### ABOUT THIS EXERCISE:
Exact copies of the lines below are the goal; any images in them are dropped.

### DATA BELOW:
──────────────────────────────

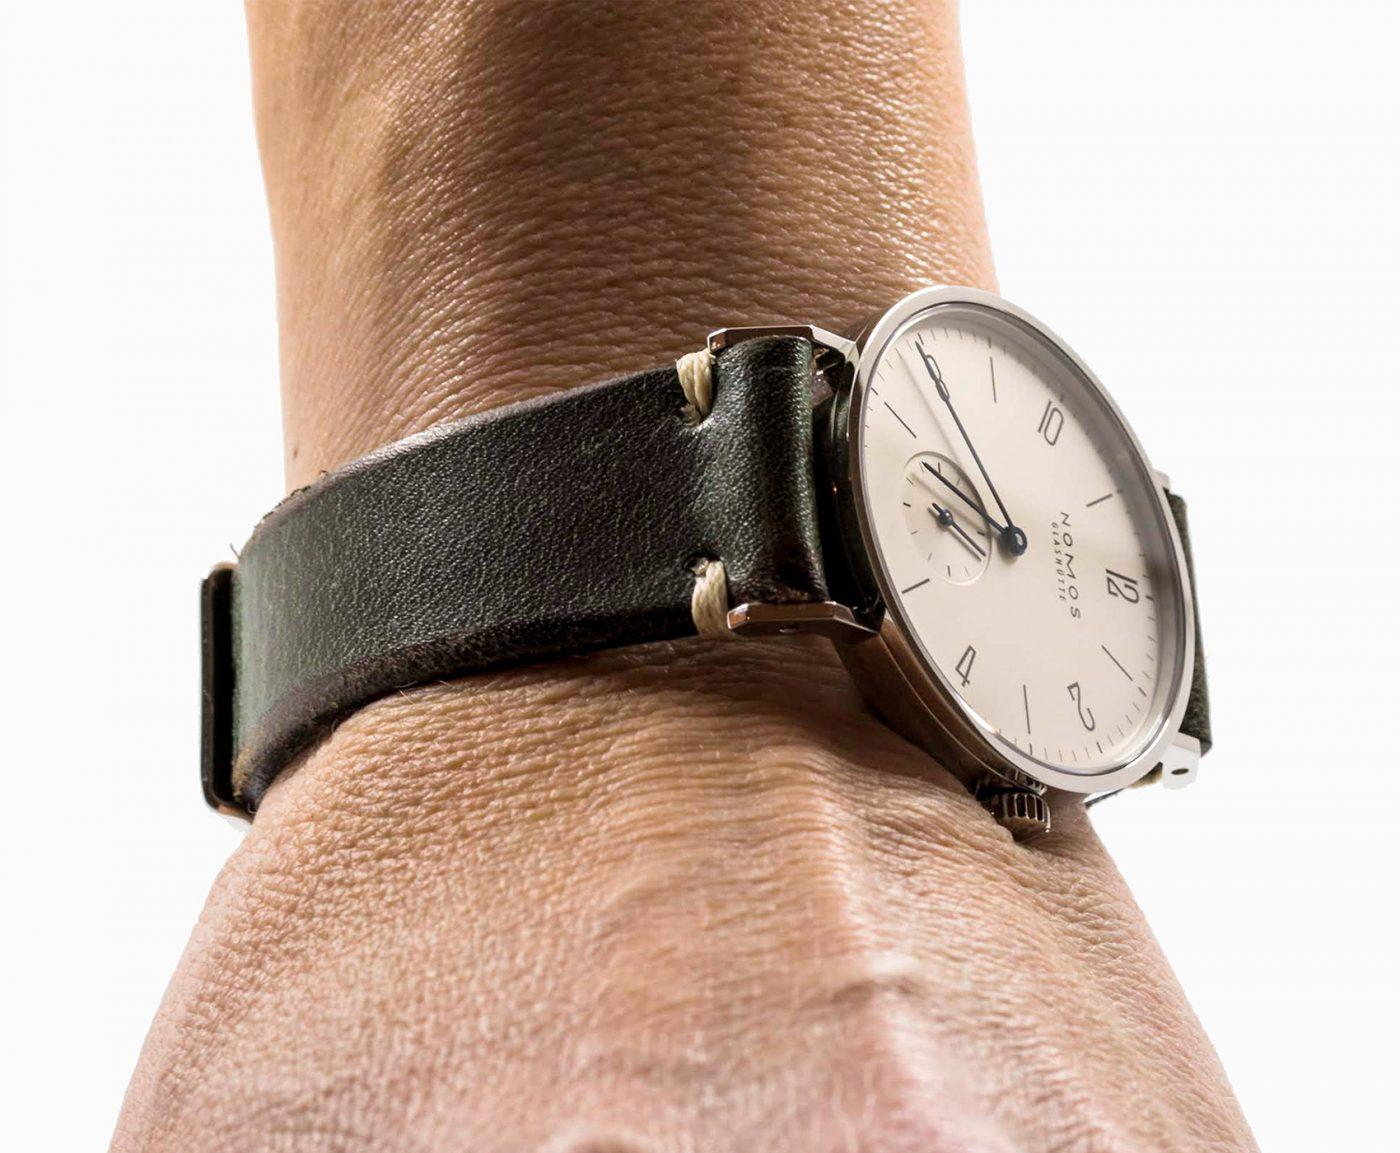 Nomos_tangente_vintage_leather_military_green_watchbandit_original
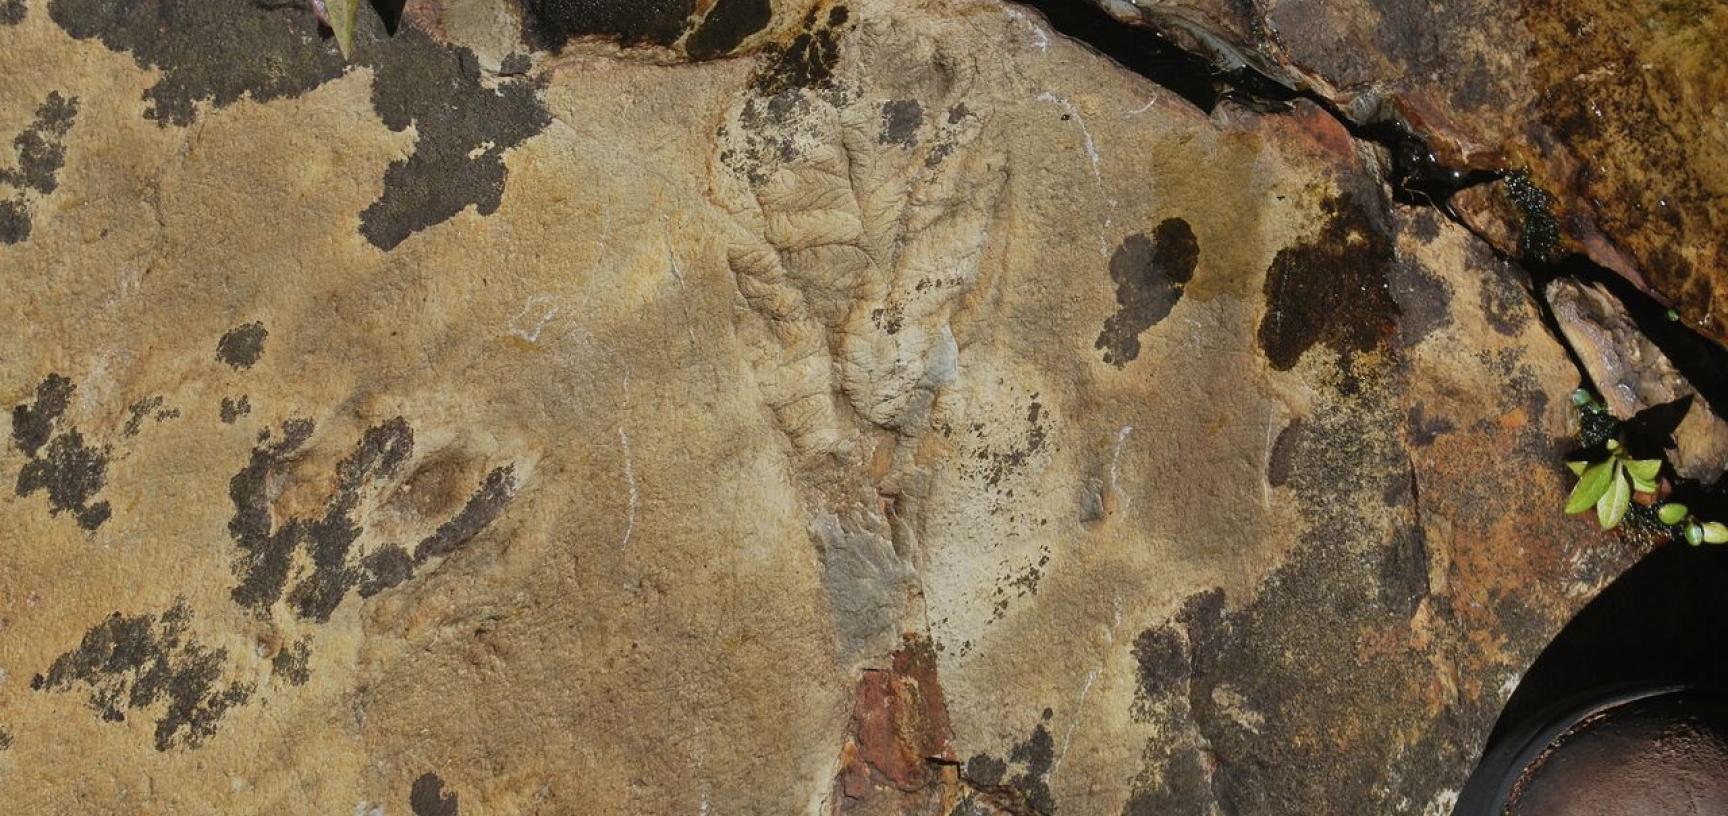 An Ediacaran frondose organism from the Discovery Aspiring UNESCO Geopark, Newfoundland
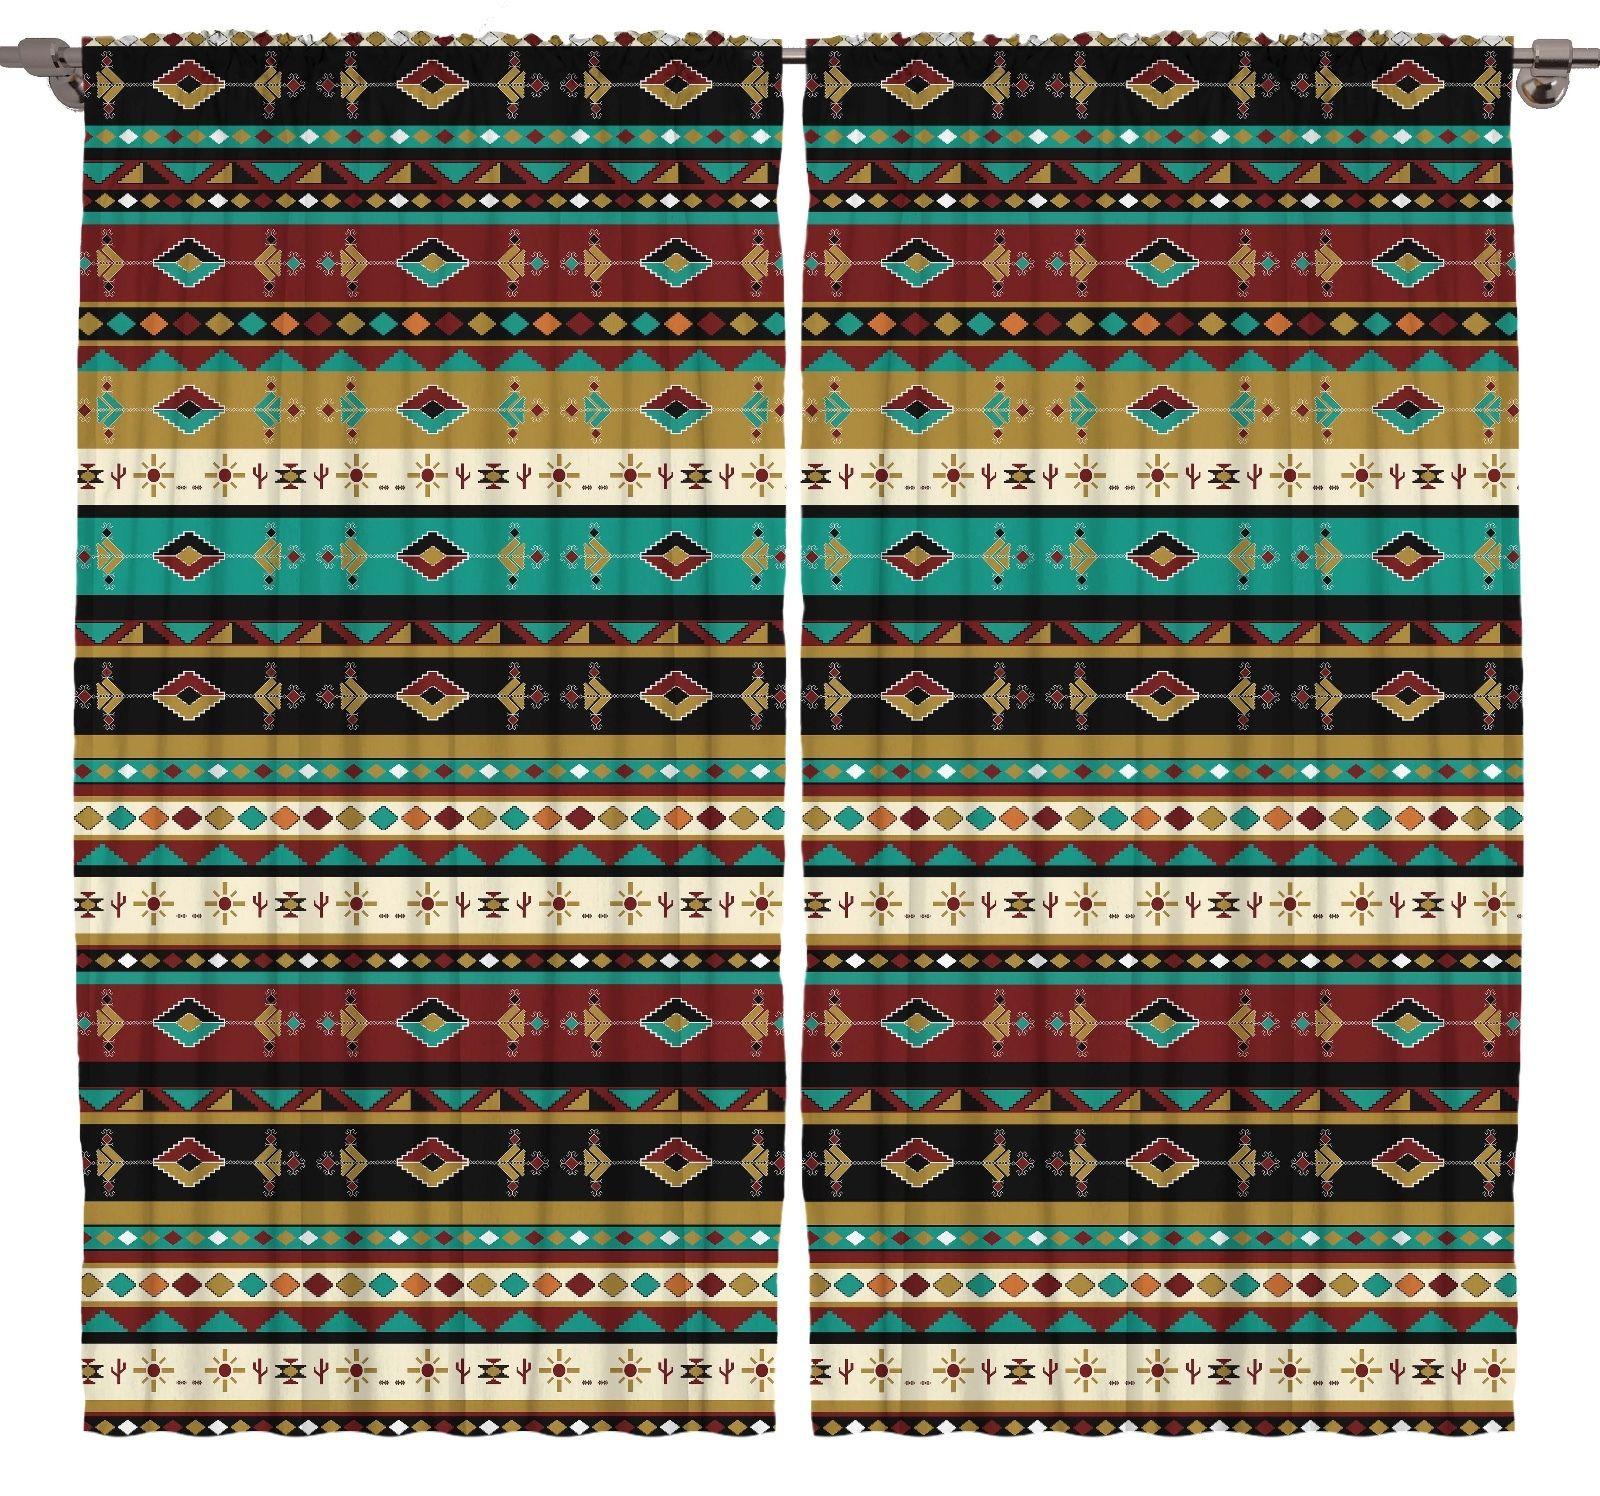 Tribal Ethnic Style Pattern African Design Decor

──────────────────────────────

### WRITTEN SOLUTION:
 Nomos_tangente_vintage_leather_military_green_watchbandit_original
 An Ediacaran frondose organism from the Discovery Aspiring UNESCO Geopark, Newfoundland
 Tribal Ethnic Style Pattern African Design Decor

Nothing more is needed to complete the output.